Analysis of the Clever Hans Effect in COVID-19 Detection Using Chest X-Ray Images and Bayesian Deep Learning
29 Pages Posted: 12 Apr 2023
In recent months, the detection of COVID-19 from radiological images has become a research topic of significant interest. This is because previous results demonstrate the feasibility of the application, but literature has also reported some biases of the systems developed, which significantly limit their translation to the clinic. This paper deals with a set of explainability/interpretability techniques to analise spurious correlations during the inference, the consistency of the decisions, the uncertainty of the models, their performance, and certain biasing effects. For this purpose, we used two different off-the-shelf convolutional neural networks (DenseNet-121 and EfficientNet-B6) and their Bayesian counterparts. In view of the results, DenseNet is preferred in both its deteministic and stochastic versions, reaching BAcc over 97 % training with a large dataset (more than 70,000 images). However, results demonstrate that the artificial models are significantly affected by the Clever Hans effect, which is minimized pre-processing with a semantic segmentation of the lungs to guide the learning process towards an area with a causal relationship with the problem under study. Conclusions could also be extrapolated to the general context of pneumonia detection from plain chest X-Ray images.
Funding Information: Funded by the agreement between Comunidad de Madrid (Consejerıa de Educacion, Universidades, Ciencia y Portavocıa) and Universidad Politecncia de Madrid, to finance research actions on SARS-CoV-2 and COVID-19 disease with the REACT-UE resources of the European Regional Development Funds. This work was also supported by the Ministry of Economy and Competitiveness of Spain under Grant DPI2017-83405-R1.

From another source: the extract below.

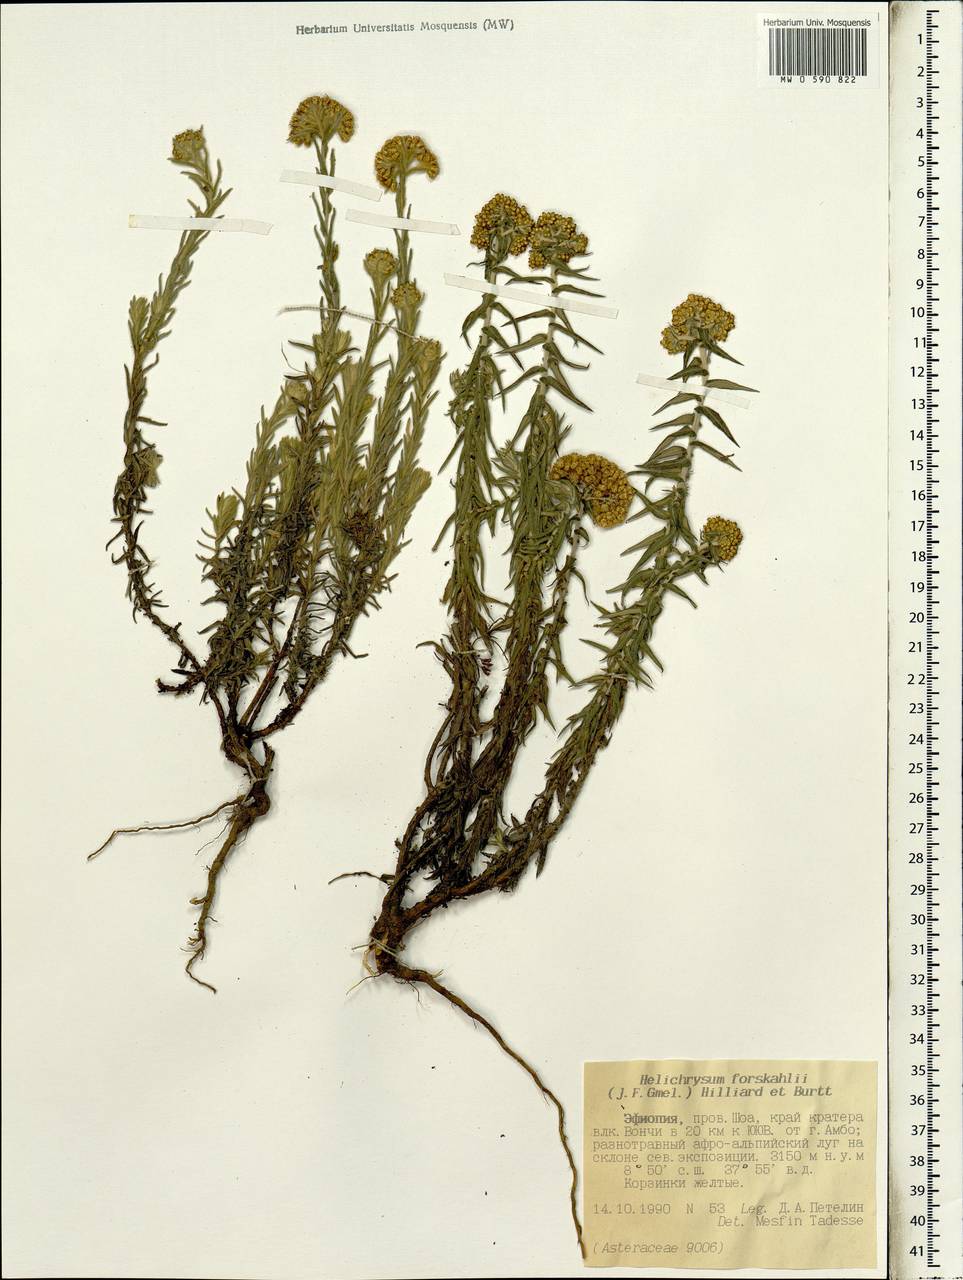 Helichrysum forskahlii (J. F. Gmel.) Hilliard & Burtt, Африка (AFR) (Эфиопия)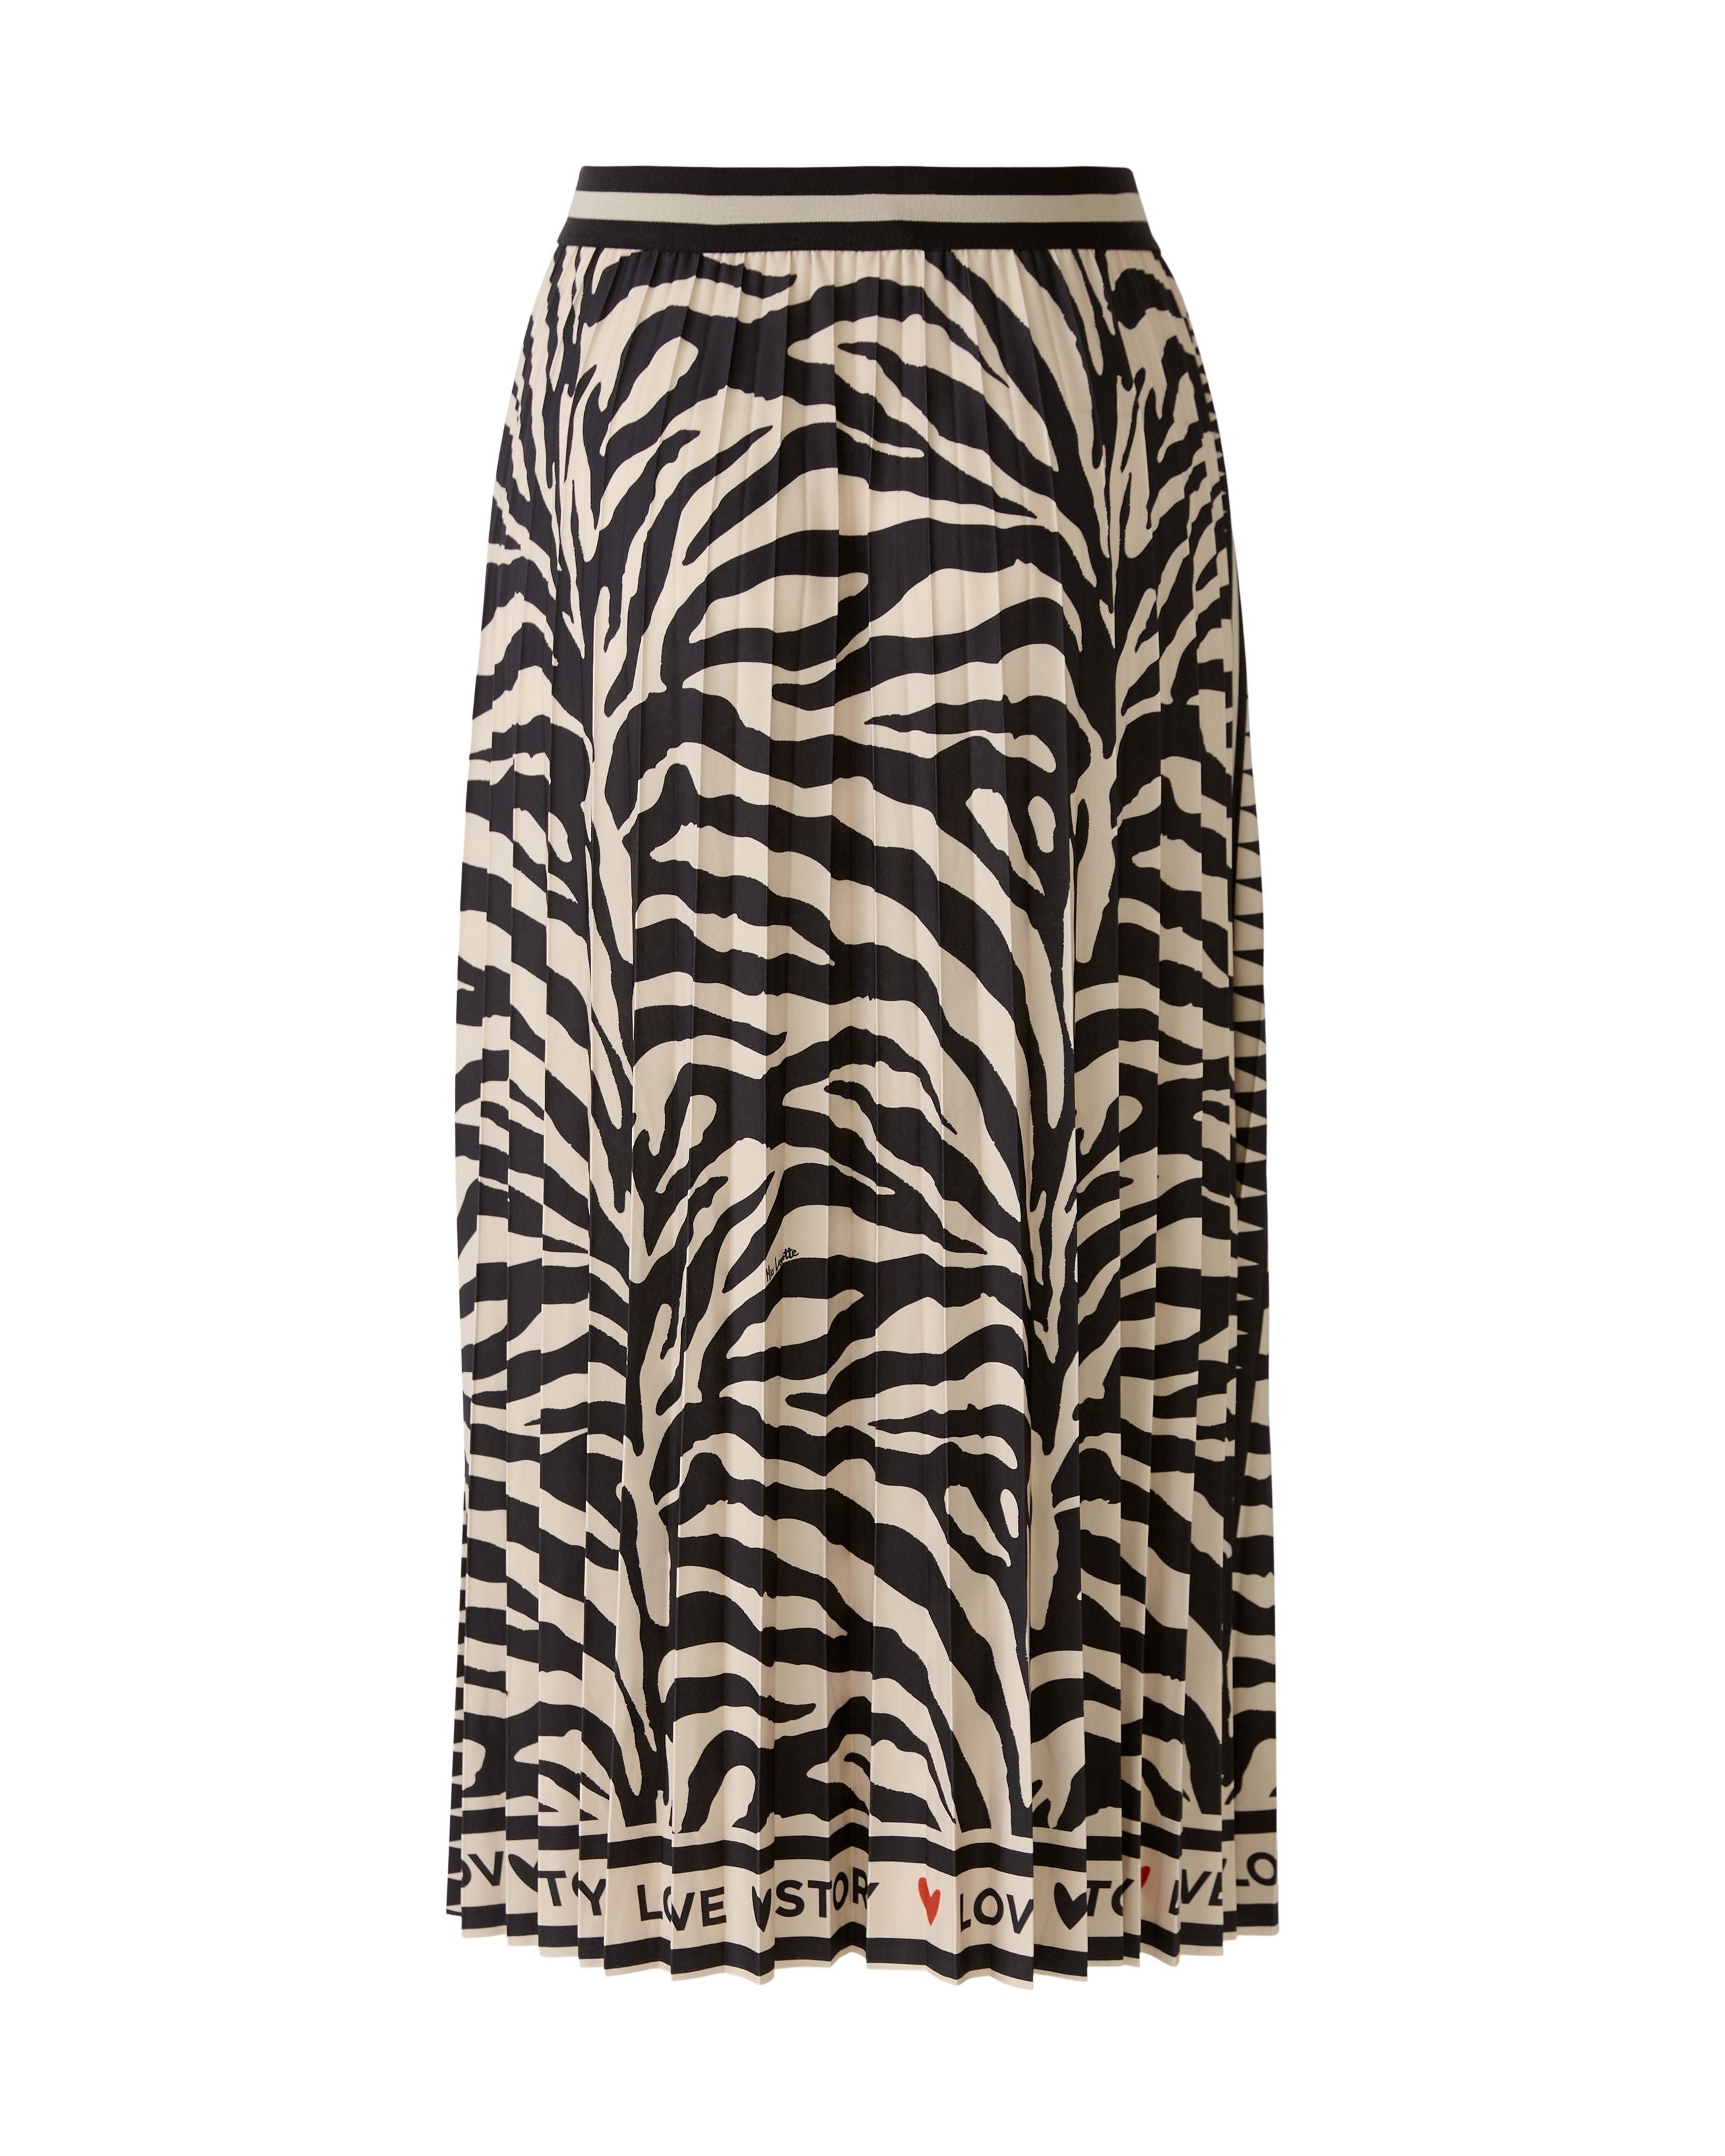 Miss Lagotte Ethnic Zebra Print Midi Skirt From The Back

Declaration of Interests: None.
Ethics Approval Statement: This was a retrospective study using non-institutional public Health Insurance Portability and Accountability Act (HIPAA) compliant deidentified imaging data. Ethical review and approval were waived for this reason. Patient consent was waived due to the use of open data.
Keywords: Deep learning, Bayesian Learning, explainability, Uncertainty, Calibration, COVID-19, Pneumonia, Radiological Imaging, Chest X-Ray.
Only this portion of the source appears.